I have a Cassandra table with schema:
CREATE TABLE IF NOT EXISTS TestTable(
documentId text,
sequenceNo bigint,
messageData blob,
clientId text
It's an interesting question...
All columns that aren't part of the primary key have so-called WriteTime that could be retrieved using the writetime(column_name)
function of CQL (warning: it doesn't work with collection columns, and return null for UDTs!). But because we don't have nested queries in the CQL, you will need to write a program to fetch data, filter out entries by WriteTime, and delete entries where WriteTime is older than your threshold. (note that value of writetime
is in microseconds, not milliseconds as in CQL's timestamp
type).
The easiest way is to use Spark Cassandra Connector's RDD API, something like this:
val timestamp = someDate.toInstant.getEpochSecond * 1000L
val oldData = sc.cassandraTable(srcKeyspace, srcTable)

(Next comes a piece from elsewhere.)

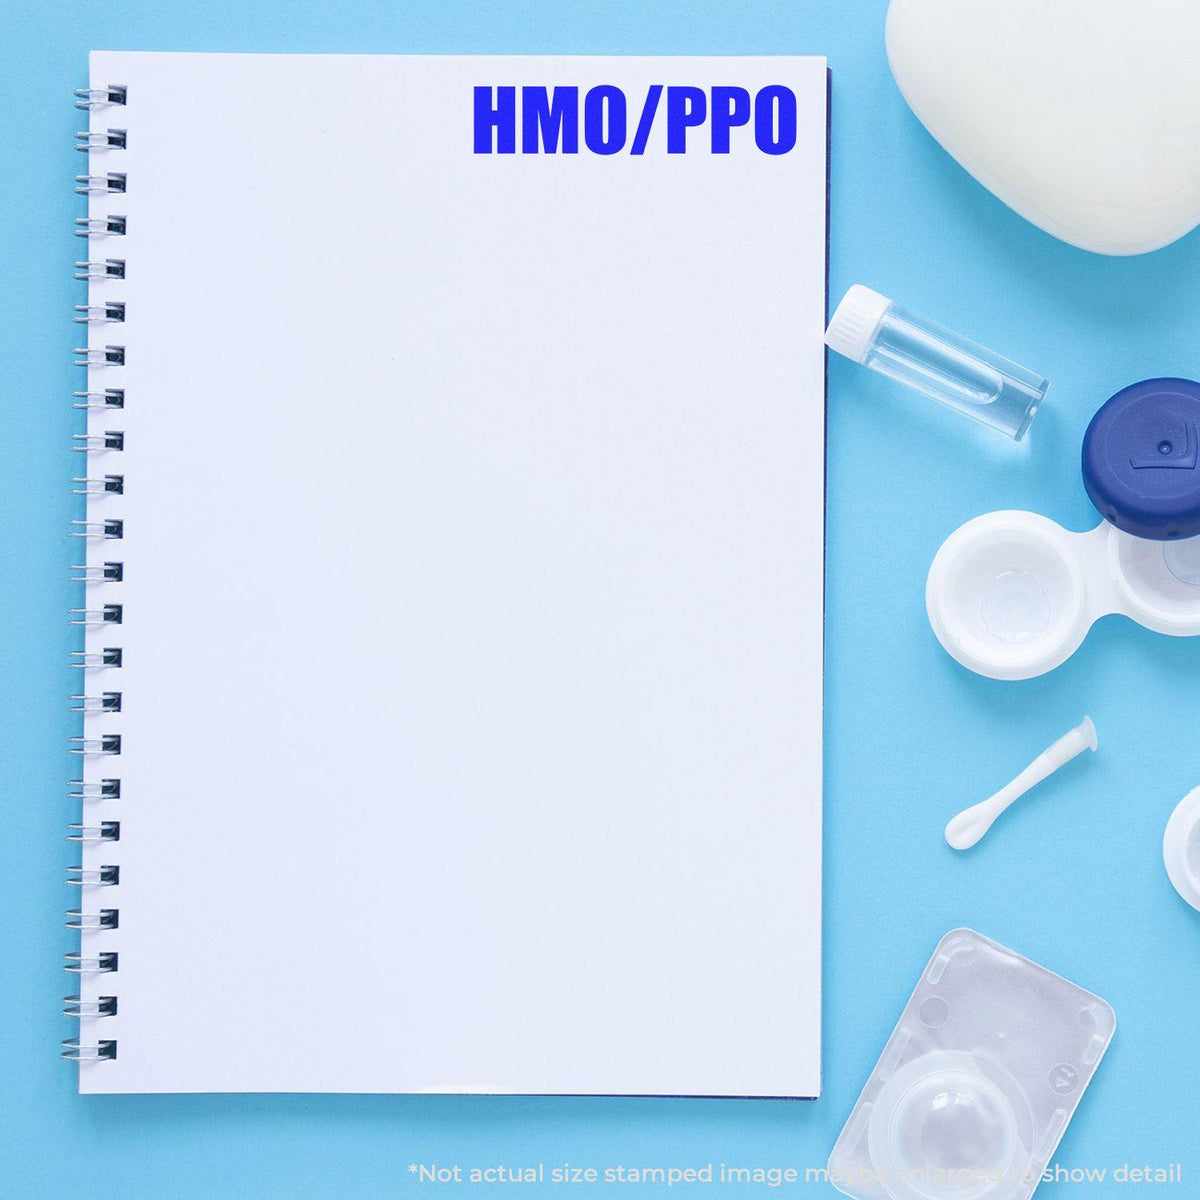 In Use Large Hmo Ppo Rubber Stamp Image

.select("prk1", "prk2", "reg_col".writeTime as "writetime")
.filter(row => row.getLong("writetime") < timestamp)
oldData.deleteFromCassandra(srcKeyspace, srcTable,
keyColumns = SomeColumns("prk1", "prk2"))
where: prk1
, prk2
, ... are all components of the primary key (documentId
and sequenceNo
in your case), and reg_col
- any of the "regular" columns of the table that isn't collection or UDT (for example, clientId
). It's important that list of the primary key columns in select
and deleteFromCassandra
was the same.